Obtaining raw data from the Census Bureau was that easy! Often we will have to obtain and use a secret API key to access the data, but that’s not always necessary with tidycensus.

Now we can tidy that data and produce plots and analyses.

# Rename cryptic variables from the census form
sample_acs_data <- sample_acs_data |>
  rename(population = B01003_001E,
         population_moe = B01003_001M,
         median_income = B19013_001E,
         median_income_moe = B19013_001M)

# Plot with geom_sf since our data contains 1 row per census tract
#   with its geometry
ggplot(data = sample_acs_data) + 
  geom_sf(aes(fill = median_income), colour = "white", linetype = 2) + 
  theme_void()

# The whole state of MN is overwhelming, so focus on a single county
sample_acs_data |>
  filter(str_detect(NAME, "Hennepin")) |>
  ggplot() + 
    geom_sf(aes(fill = median_income), colour = "white", linetype = 2)
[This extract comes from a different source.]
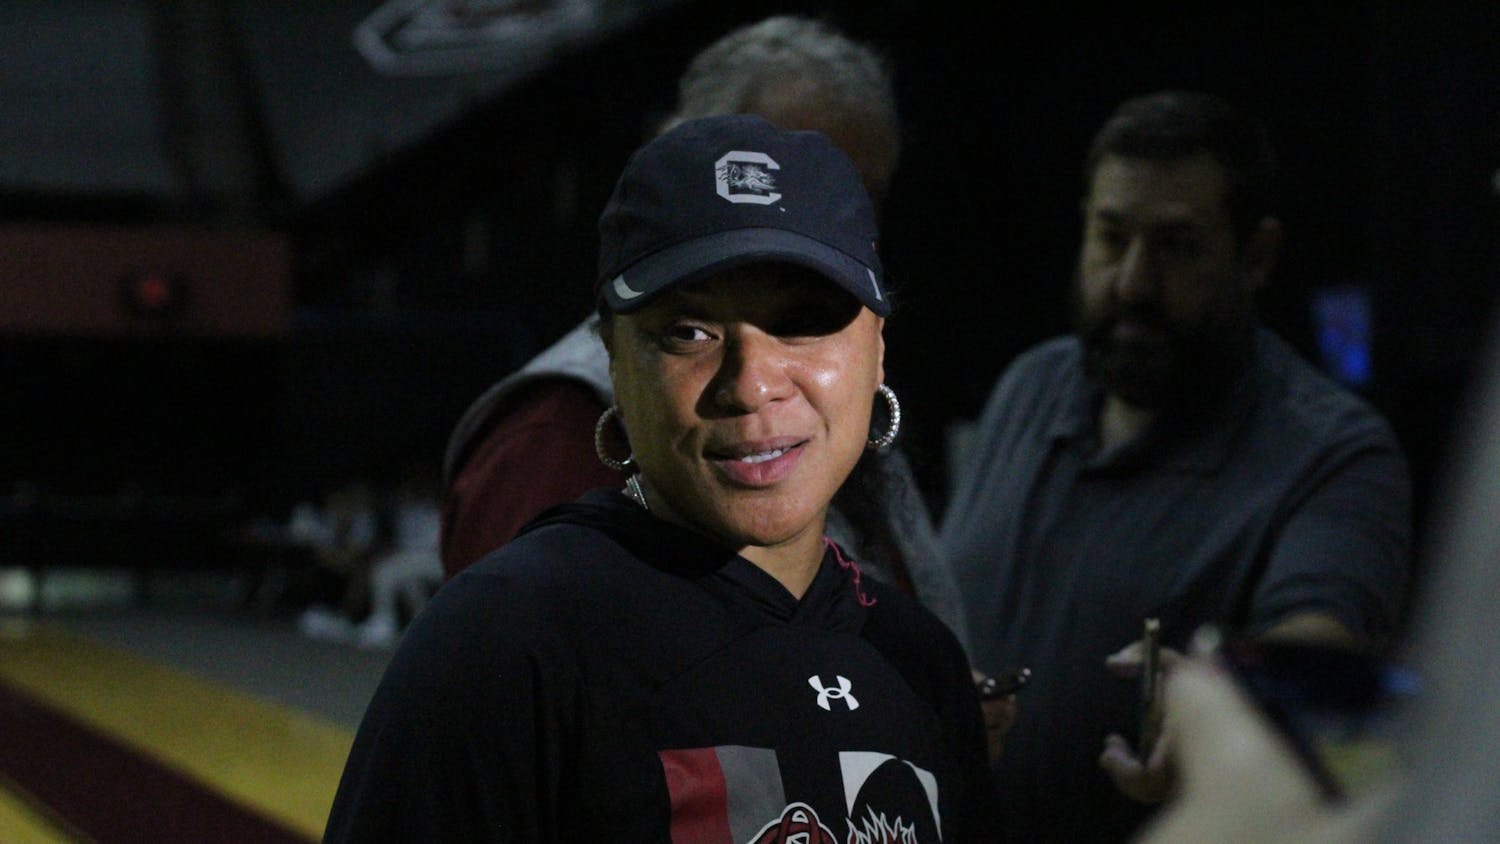 Dawn Staley, head coach of the South Carolina's women’s basketball team, talks with reporters after the first official practice of the season on Sept. 28, 2023. She said she is optimistic and confident in her team’s abilities to have a successful upcoming season.

# Look for relationships between variables with 1 row per tract
as_tibble(sample_acs_data) |>
  ggplot(aes(x = population, y = median_income)) + 
    geom_point() + 
    geom_smooth(method = "lm")

Extra resources:

tidycensus: wrapper package that provides an interface to a few census datasets with map geometry included!
- Full documentation is available at https://walker-data.com/tidycensus/
censusapi: wrapper package that offers an interface to all census datasets
- Full documentation is available at https://www.hrecht.com/censusapi/

get_acs() is one of the functions that is part of tidycensus. Let’s explore what’s going on behind the scenes with get_acs()…

Accessing web APIs directly

Getting a Census API key

Many APIs (and their wrapper packages) require users to obtain a key to use their services.
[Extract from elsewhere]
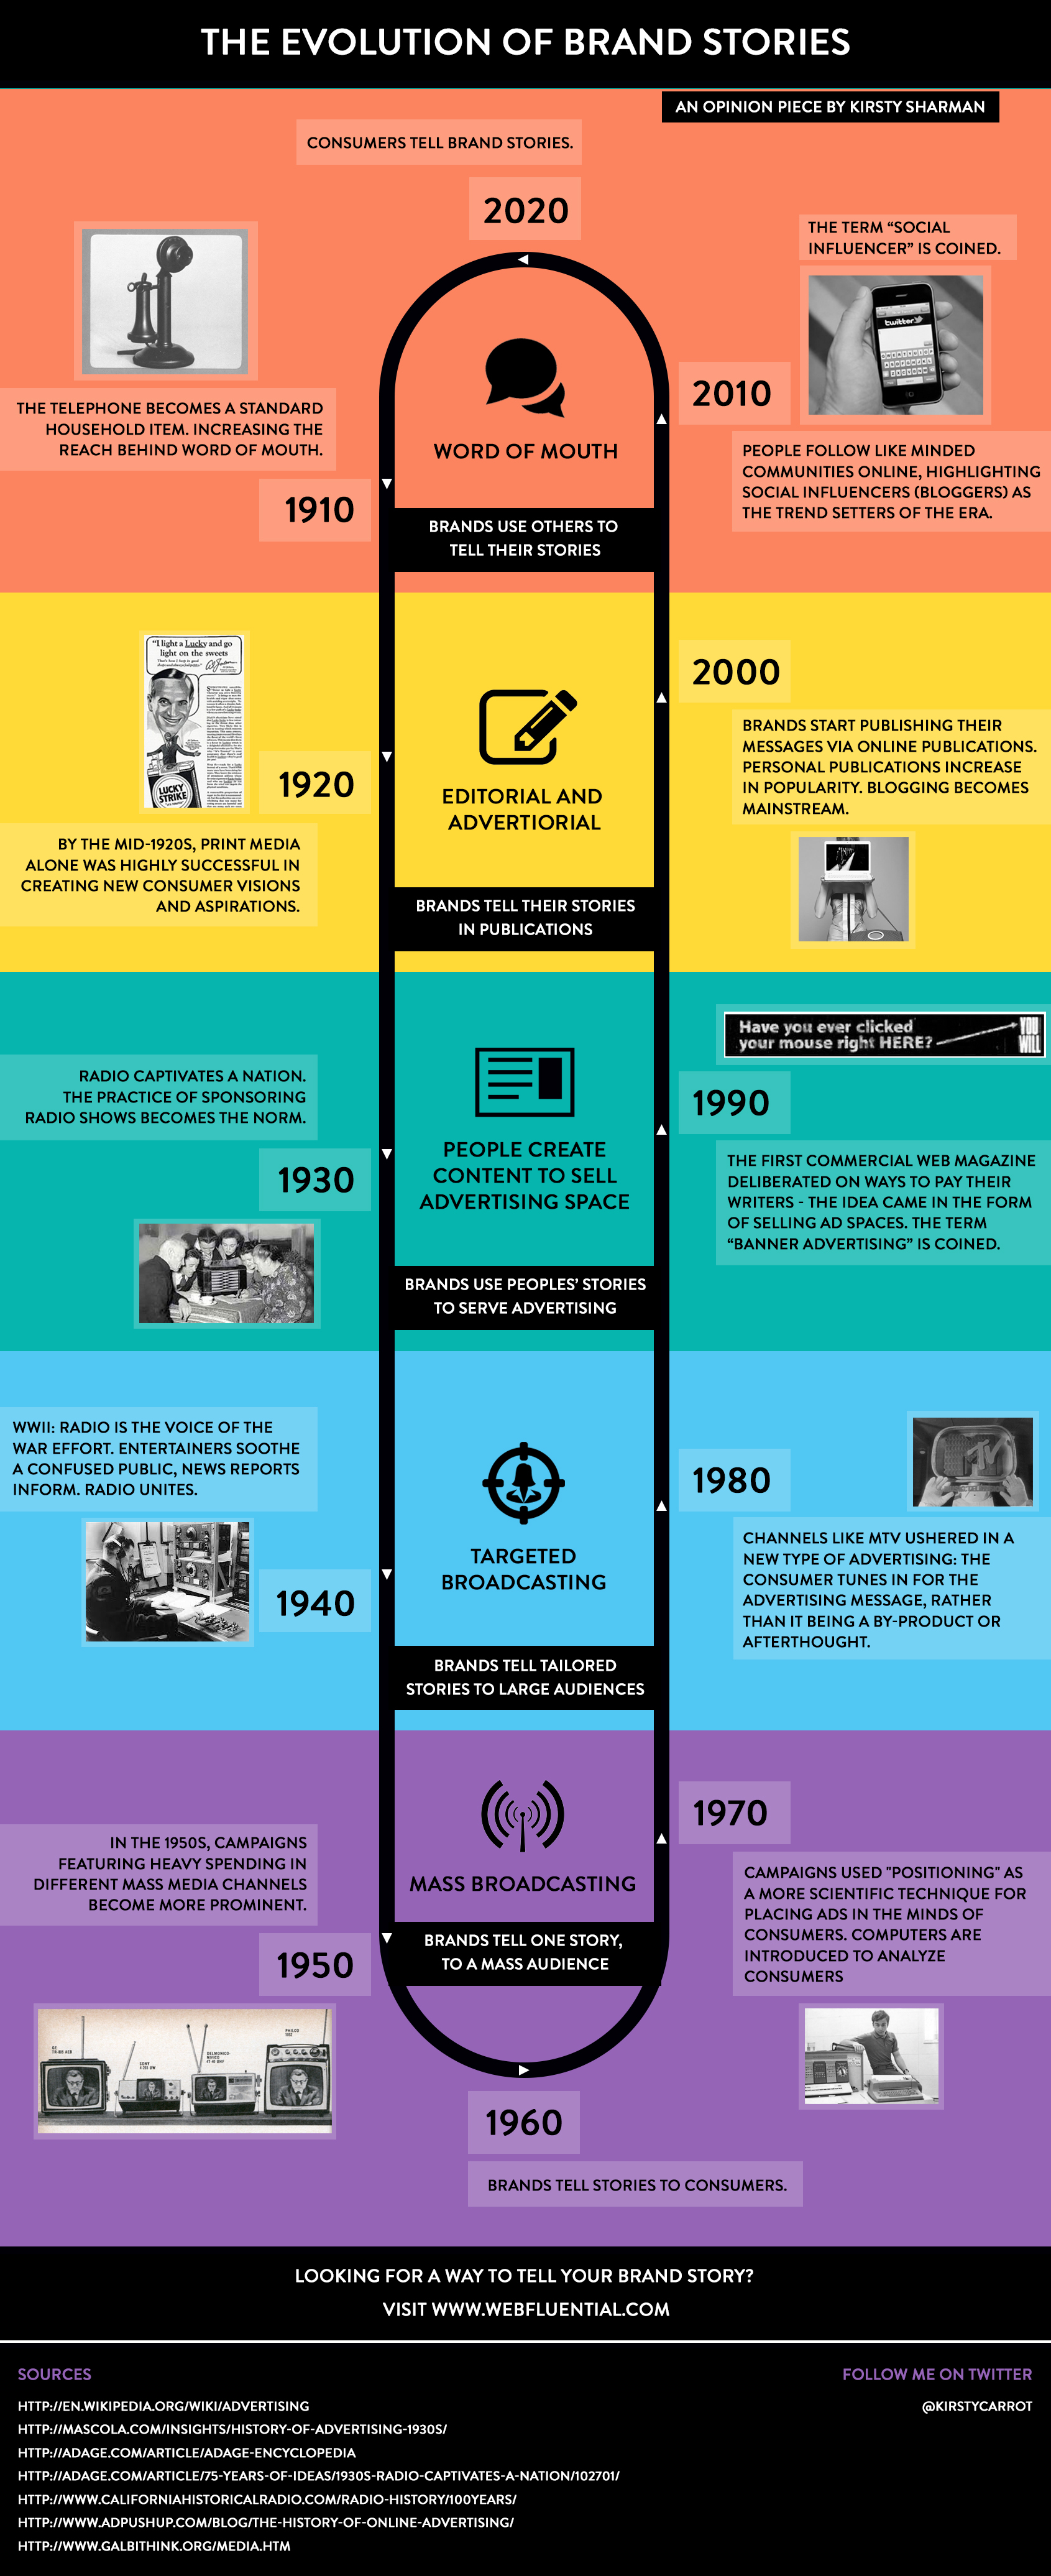 THE-EVOLUTION-OF-BRAND-STORIES

This lets organizations keep track of what data is being used.
It also rate limits their API and ensures programs don’t make too many requests per day/minute/hour. Be aware that most APIs do have rate limits — especially for their free tiers.

Navigate to https://api.census.gov/data/key_signup.html to obtain a Census API key:

Organization: St. Olaf College
Email: Your St. Olaf email address

You will get the message:

Your request for a new API key has been successfully submitted. Please check your email. In a few minutes you should receive a message with instructions on how to activate your new key.

Check your email. Copy and paste your key into a new text file:

File > New File > Text File (towards the bottom of the menu)
Save as census_api_key.txt in the same folder as this .qmd.

You could then read in the key with code like this:

myapikey <- readLines("~/264_fall_2024/DS2_preview_work/census_api_key.txt")

Handling API keys

While this works, the problem is once we start backing up our files to GitHub, your API key will also appear on GitHub, and you want to keep your API key secret. Thus, we might use environment variables instead:

One way to store a secret across sessions is with environment variables. Environment variables, or envvars for short, are a cross platform way of passing information to processes. For passing envvars to R, you can list name-value pairs in a file called .Renviron in your home directory. The easiest way to edit it is to run:

file.edit("~/.Renviron")

The file looks something like

PATH = “path” VAR1 = “value1” VAR2 = “value2” And you can access the values in R using Sys.getenv():

Sys.getenv("VAR1")
#> [1] "value1"

Note that .Renviron is only processed on startup, so you’ll need to restart R to see changes.

Another option is to use Sys.setenv and Sys.getenv:

# I used the first line to store my CENSUS API key in .Renviron
#   after uncommenting - should only need to run one time
# Sys.setenv("CENSUS_KEY" = "my census api key pasted here")
# my_census_api_key <- Sys.getenv("CENSUS_KEY")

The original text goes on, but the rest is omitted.